PROVIDED INFORMATION:
*** Block opens ***
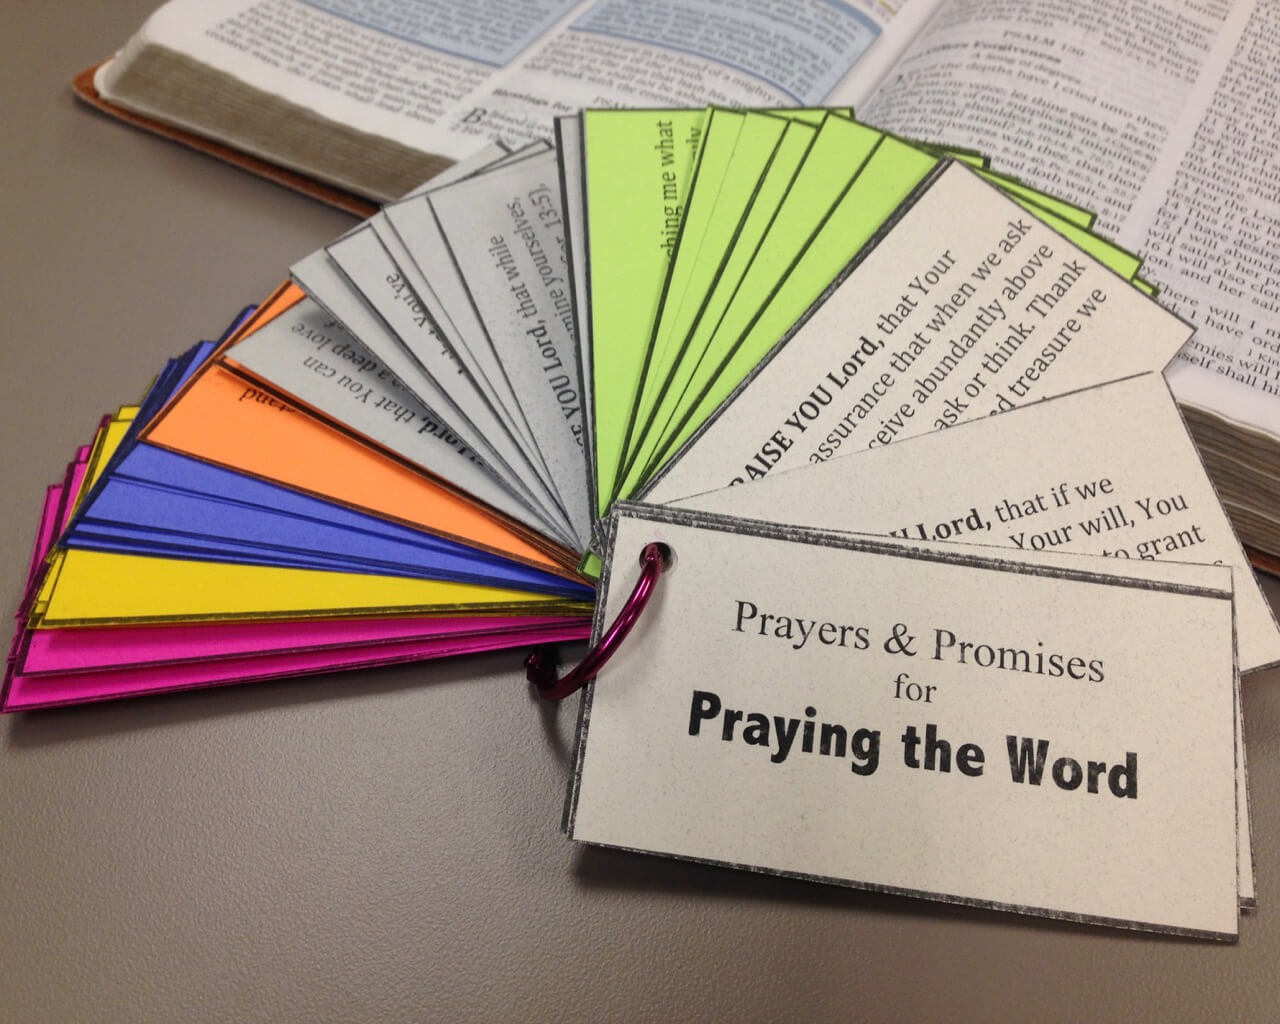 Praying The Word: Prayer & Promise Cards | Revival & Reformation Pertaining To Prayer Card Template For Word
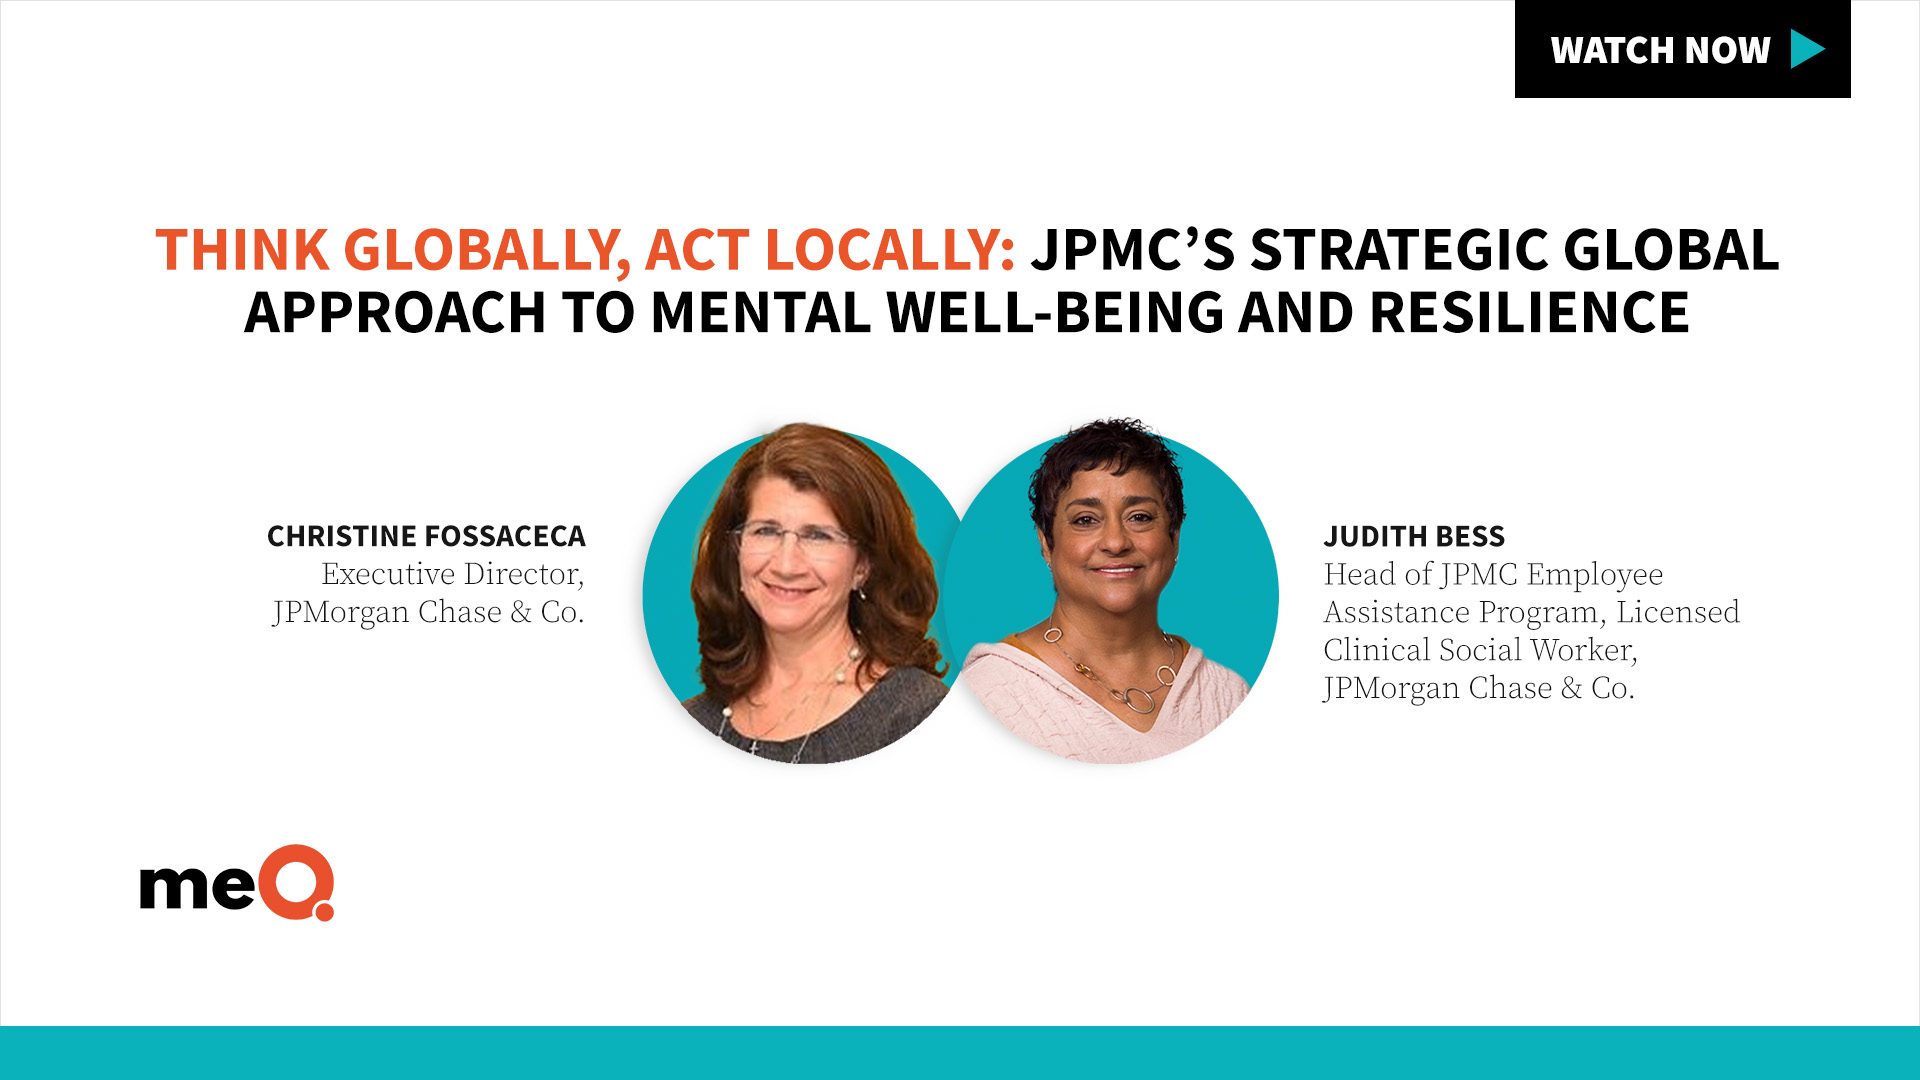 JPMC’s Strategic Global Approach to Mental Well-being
*** Block closes ***
*** Block opens ***
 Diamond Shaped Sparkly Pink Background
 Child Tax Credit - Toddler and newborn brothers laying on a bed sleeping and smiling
*** Block closes ***
Your answer is the exact run of lines above from the one with "Praying The Word: Prayer" through the one with "JPMC’s Strategic Global", both ends included, minus any picture.

 Praying The Word: Prayer & Promise Cards | Revival & Reformation Pertaining To Prayer Card Template For Word
 JPMC’s Strategic Global Approach to Mental Well-being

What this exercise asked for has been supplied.